Wow! I am quite surprised. I use a Macbook running Snow Leopard, fully up-to-date software, with Safari. I don't (yet) have any after market fonts installed. And yet "Your browser fingerprint appears to be unique among the 47,390 tested so far." That is creepy.
Who is using this type of profiling as an alternative to cookies and other techniques? I would love to see some examples.
Apparently I have a unique browser fingerprint as well. With so many different plugin and font combinations, I think that there are bound to be quite a few uniques.
Mine is unique too. Only 7 other people at the time of my test had the same plugin profile, and nobody had the same exact fonts (only thing I've knowingly added are MS fonts and ProggyCleanTTSZ).
If you keep refreshing, you can watch the numbers change. (If not, try disallowing cookies first; then Javascript second.) This leads me to think that, since the numbers are shrinking slowly (12.5 bits... 12.1 bits... 11.8 bits...), it means that: of the full collection of data that your browser is sending, only __ bits actually makes you unique. Meaning to say, some of the data is common to others, so isn't useful for distinguishing you from them.
I, too, am a unique snowflake. Unique among 52,301.
But here's a surprise. My UserAgent string is for the version of Firefox distributed three weeks ago as a security patch to Ubuntu Linux 9.10. One in 45.01 browsers has that exact rev. of Firefox.
So over 2% of EFF visitors are running this exact version of Firefox and Ubuntu Linux? That's much more popular than expected.
Impressive idea for fingerprinting a user, especially along the font/plugin vector.
Looking at just Java plugins, and the number of releases, you could also in theory age a browser, on how long it's been operational on how far back in versions of a plugin the browser maintains.
Fascinating. It's hard to believe that my Safari setup has a lot of entropy in the plugins, since I don't have anything special installed there, just Click2Flash and Silverlight.
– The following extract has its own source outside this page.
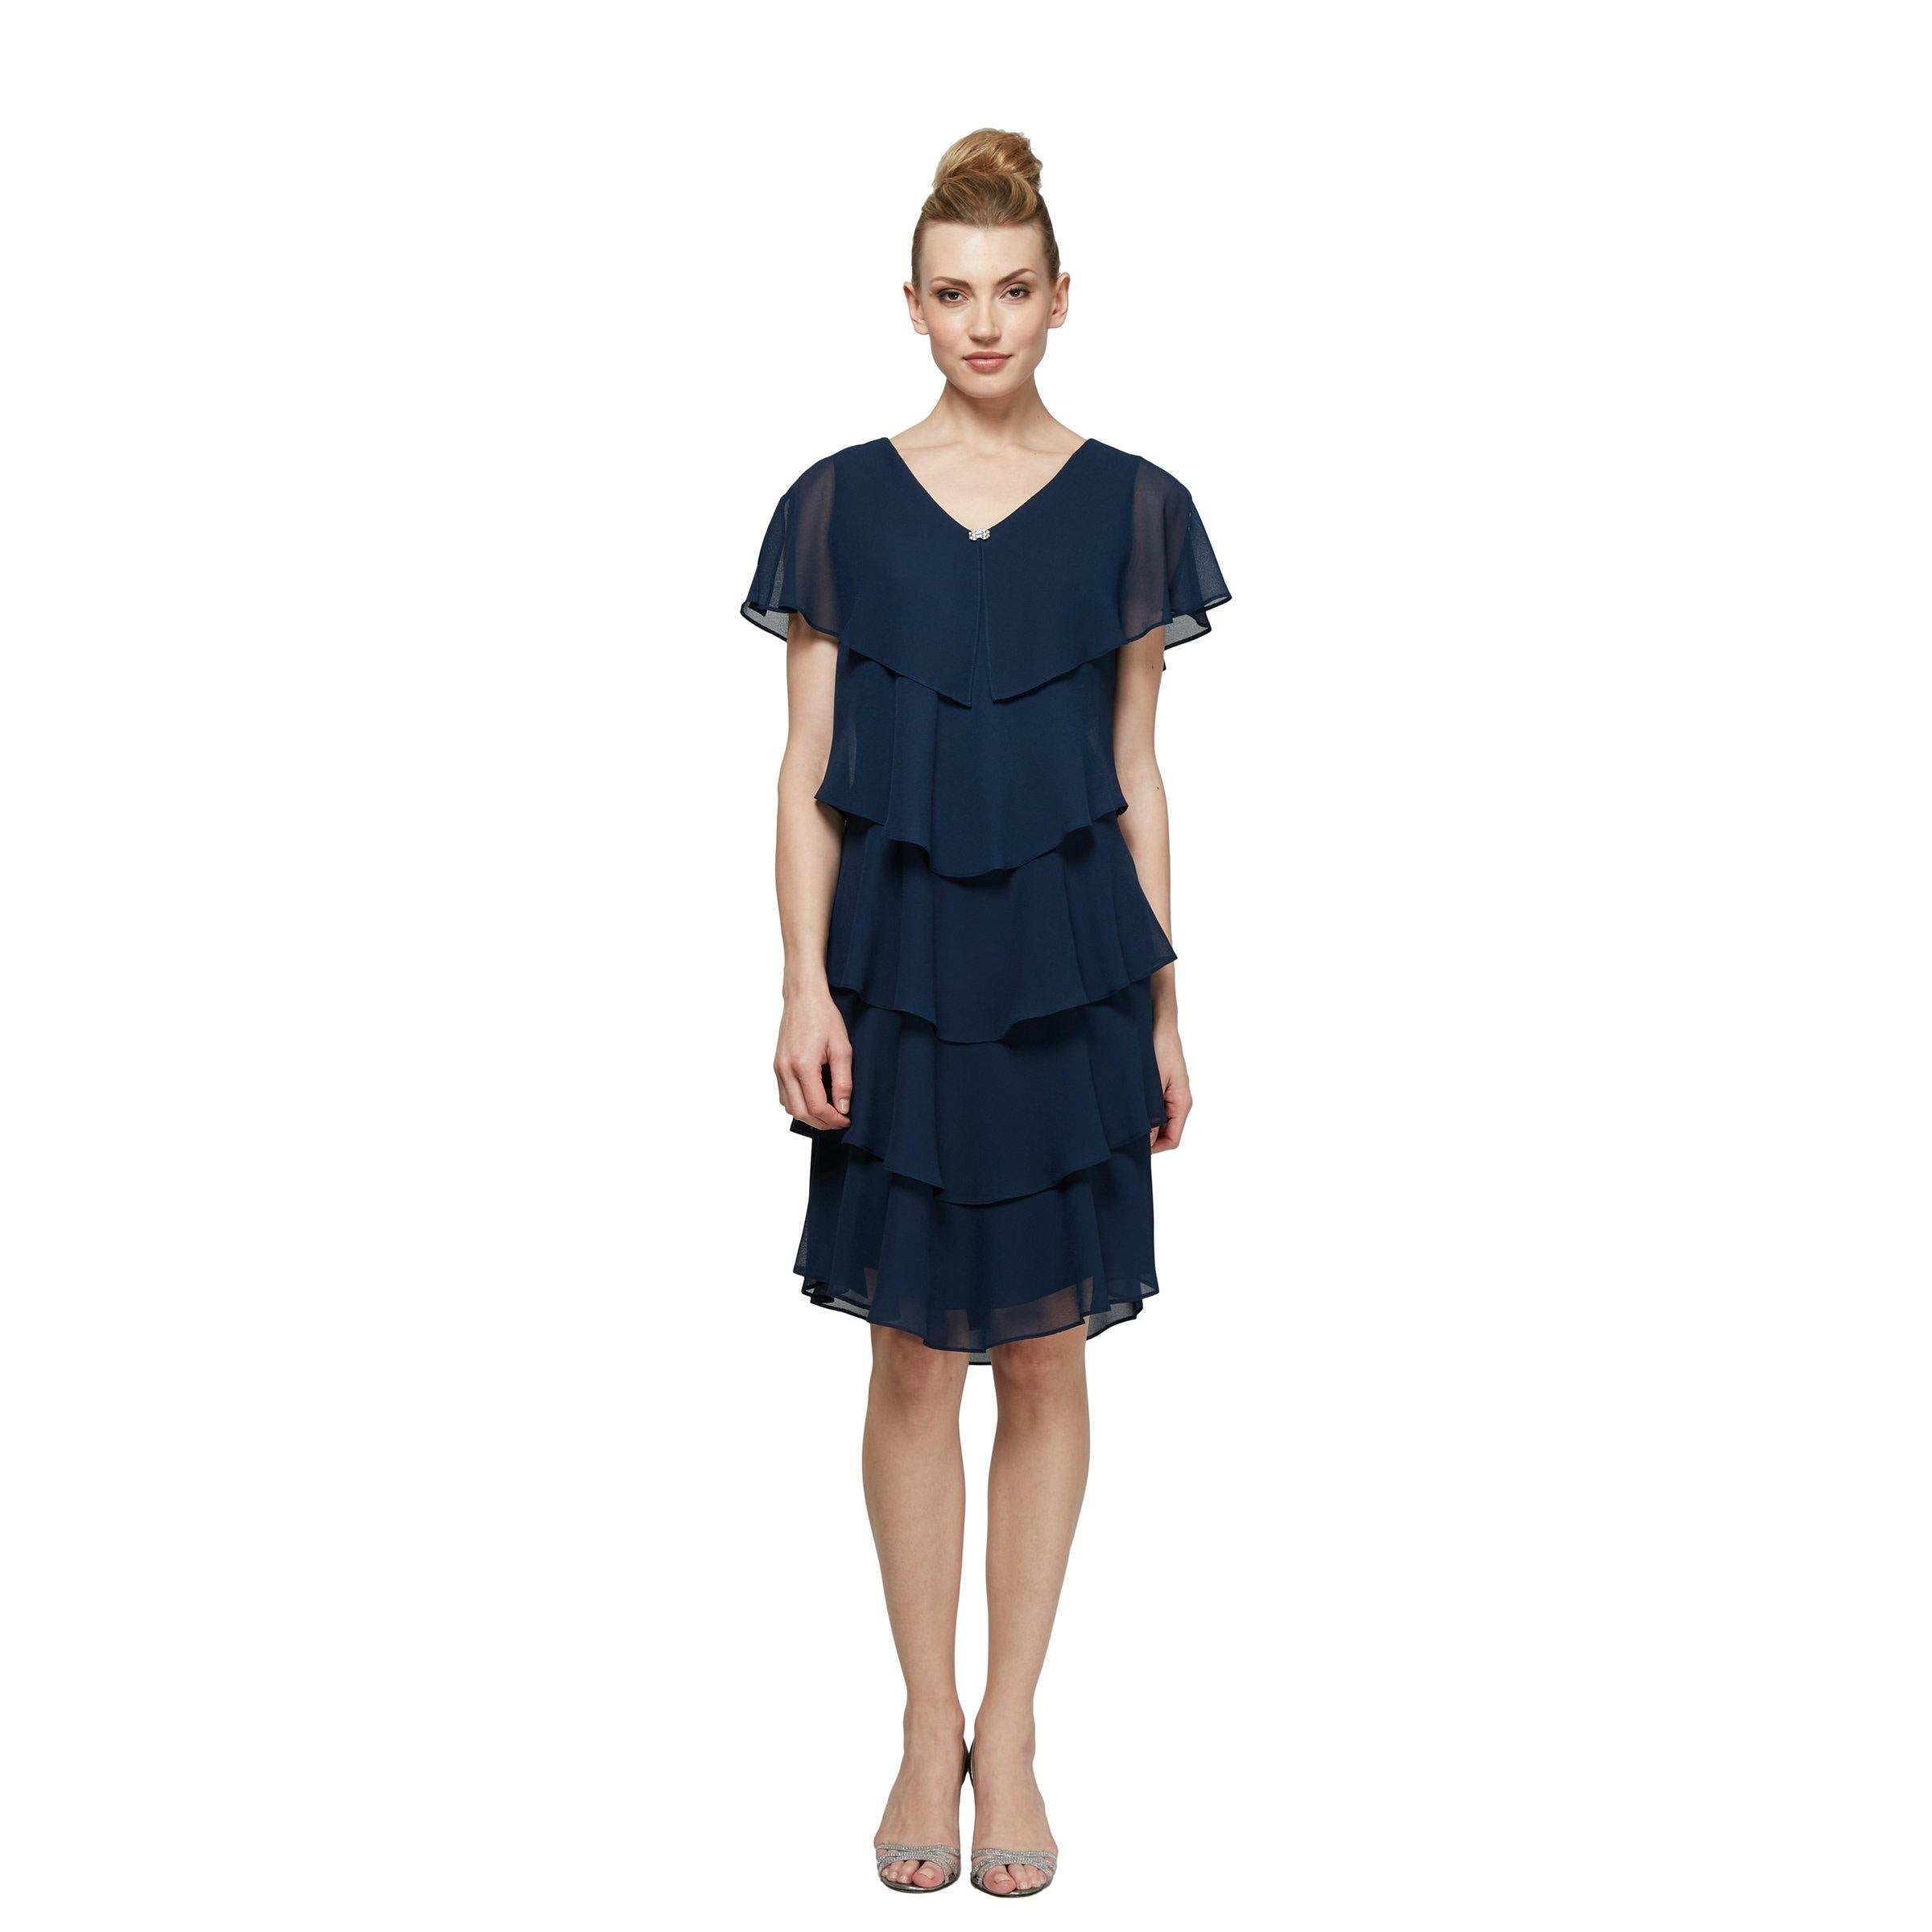 SL Fashions Short Tiered Chiffon Dress 117525 - The Dress Outlet

My system fonts, though, are more unique. Not many people have Macs with Consolas installed on them.
This can't be right. According to that site, my HTTP_ACCEPT header of "text/html, / UTF-8,* gzip,deflate en-au,en-us;q=0.7,en;q=0.3" is unique. Uh .. is it? Looks fairly standard to me?
System fonts are a very telling fingerprint, though. I tried the test on two browsers; the first time it said I was one in ~60k, the second time was one in ~30k. So it is working.
Yeah, but I haven't changed them? Maybe FF is doing something weird since it's the US english firefox running on an Australian English user account but I wouldn't have thought I'm the only person in the world doing that. I suppose it's possible I'm the first to visit that page, though. 60k people isn't much really.
So, it looks like you can get fairly close to unique identification (at least so far), by paying attention to system fonts. I actually find it a bit hard to believe that I'm the only one out of 59,132 with this set of system fonts.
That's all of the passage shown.